A warm, steaming bowl of phở is the perfect comfort food on a winter’s day. Complex, aromatic broth ladled over a tangle of rice noodles and topped with fresh herbs, lime and chilies. A friend I served it to once aptly described it as “Grandma’s home cooking”. Not my grandma’s, or his, but surely someone’s.
Cooking phở is almost as delightful as eating it. The simmering broth makes your home smell amazing, filling the room with the warming scents of cinnamon, star anise, cloves and ginger; very comforting on a cold day. Although most of us might think of phở as a beef-based soup, the recipe below uses chicken, which is just as authentic.
Preparing phở can take about as long as you want. Some recipes recommend simmering the broth for three hours or longer. This recipe, which I learned from Richard Ruben at the Institute of Culinary Education, takes about 1 1/2 hours from start to finish, most of that time passive. Set the broth to simmer, relax for an hour while you enjoy the aromas, and you are almost done.
Top it with fresh cilantro, Thai basil or mint, chilies and lime and let the herbs wilt into the broth. The finished product should look rustic and busy. I prefer to eat it with chopsticks in my right hand and a deep spoon in my left, using the chopsticks to lift the noodles and the spoon to slurp down the broth. Enjoy it alone or paired with our Vietnamese summer rolls.
|Spices and Other Aromatics for Pho
1 (2-inch) cinnamon stick
4 whole star anise
4 whole cloves
2 teaspoons whole coriander seeds
2 stalks lemongrass, thinly sliced
1 (1-inch) piece ginger, thinly sliced
10 whole black peppercorns
3 kaffir lime leaves
4-6 cloves garlic, roughly chopped
2 quarts chicken stock
2 pounds bone-in, skinless chicken thighs
1/2 cup Vietnamese fish sauce
2 shallots, thinly sliced
3 scallions, thinly sliced
1 pound wide rice noodles (bahn phở)
Accompaniments: Thai basil or mint, cilantro, bean sprouts, thinly sliced red Thai chilies, lime wedges, hoisin sauce.

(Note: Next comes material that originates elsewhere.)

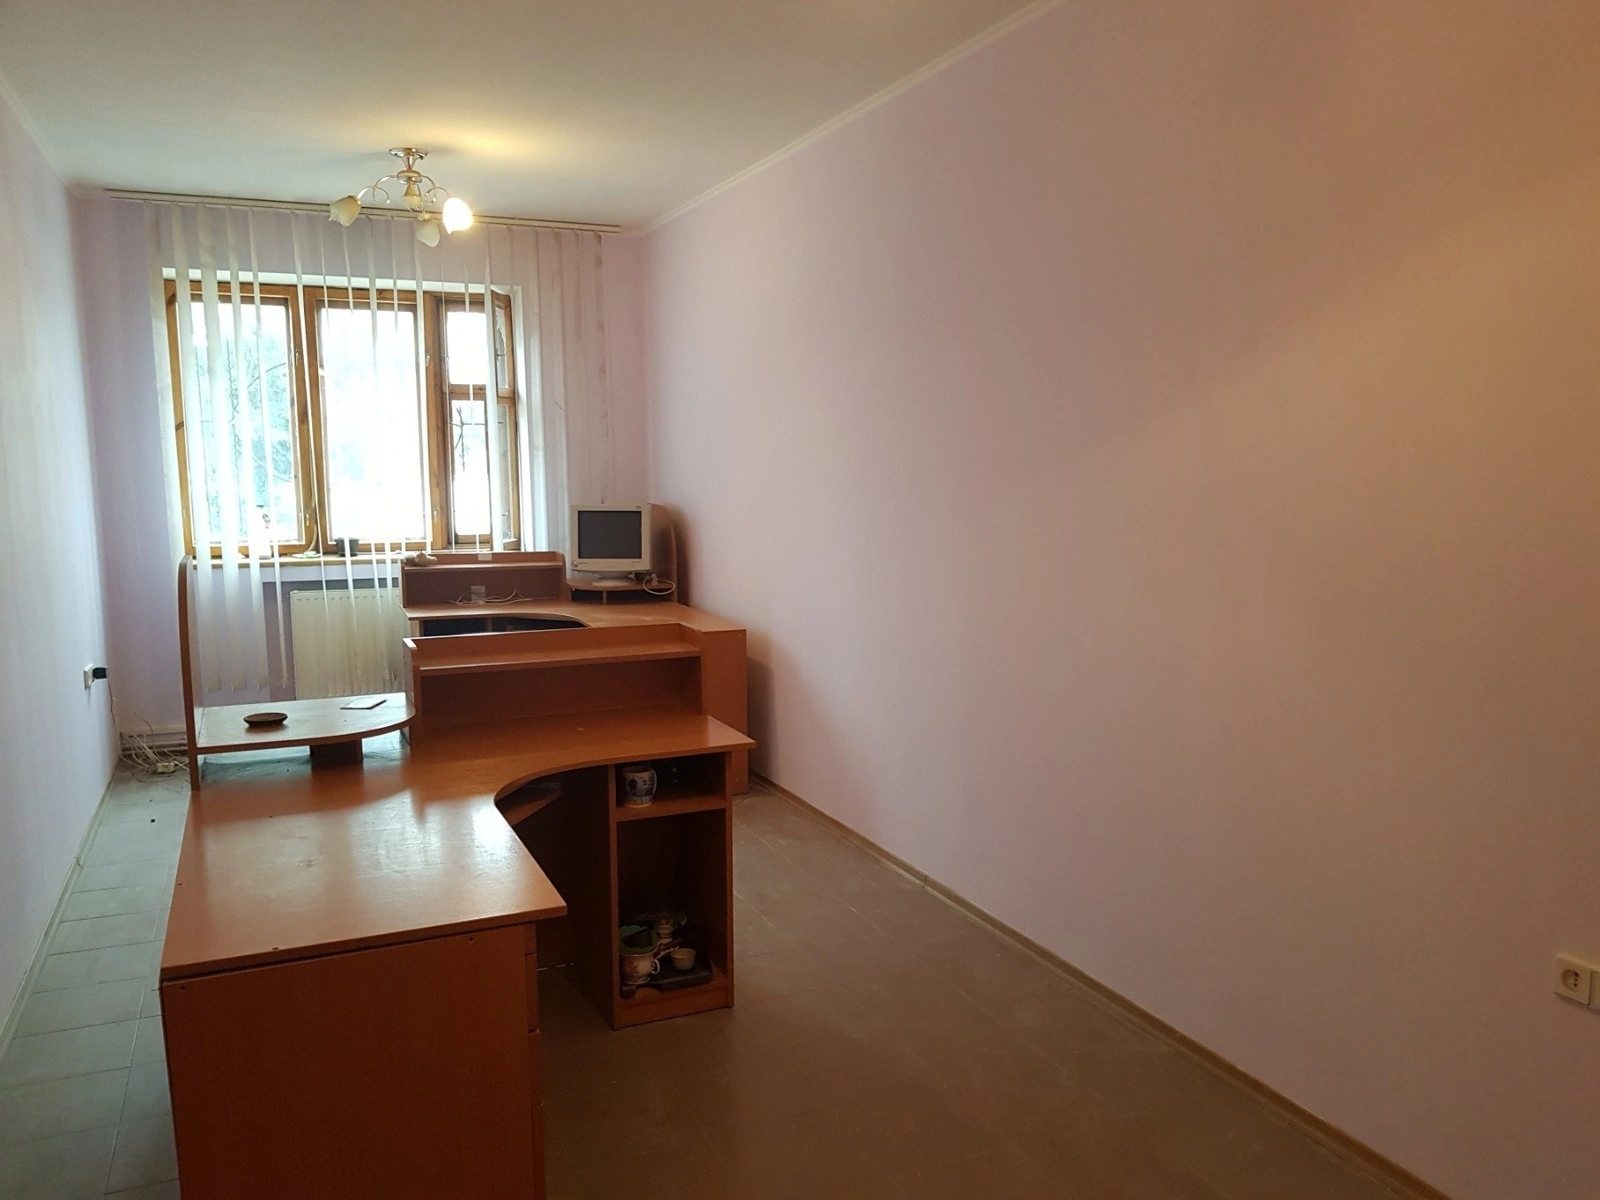 Real estate for sale for commercial purposes. 120 m², 3rd floor/3 floors. Promyshlennyy, Ternopil.

1. Heat a 4-quart pot over medium-high heat. Add the cinnamon, star anise, cloves, coriander, lemongrass, ginger, black peppercorns, lime leaves and garlic. Toast the ingredients for a few minutes, moving them around to avoid burning, until they become fragrant. Add the chicken stock and the chicken thighs. Bring the pot to a boil, reduce the flame to low, and simmer the soup, covered, for an hour.
|Bahn Pho Noodles
2. Meanwhile, prepare the noodles according to the instructions on the package. Some rice noodles just require soaking in hot water. Others should be boiled for a few minutes. Whatever you do, make sure to taste them during the cooking process to ensure that they do not get too soft. They will soften further when added to the soup.
3. When the soup base has simmered long enough, strain it through a sieve set over a bowl, reserving the liquid. Remove the chicken from the sieve and shred the chicken meat from the bone. Clean out the pot and return the liquid and the shredded chicken back to it. Add the fish sauce, shallots and scallions. Bring the soup back to a boil.
4. Divide the noodles into bowls and ladle the hot broth over the top. Garnish each bowl with Thai basil or mint, cilantro leaves, bean sprouts, red chilies and lime wedges. Serve immediately with a small dish of hoisin sauce on the side.
I make a regular pilgrimage to Bangkok Center Grocery at 104 Mosco Street in Chinatown to obtain the ingredients for phở and other Southeast Asian recipes. Lemongrass, lime leaves and Thai chilies stay for months in the freezer, so I buy these in large quantities. Thai basil stays only a few days and is hard to find elsewhere (which is why it does not appear in the photos above). Note that Italian basil is not a good substitute. Fresh mint is closer and will do in a pinch. I don’t like bean sprouts, so I leave them out.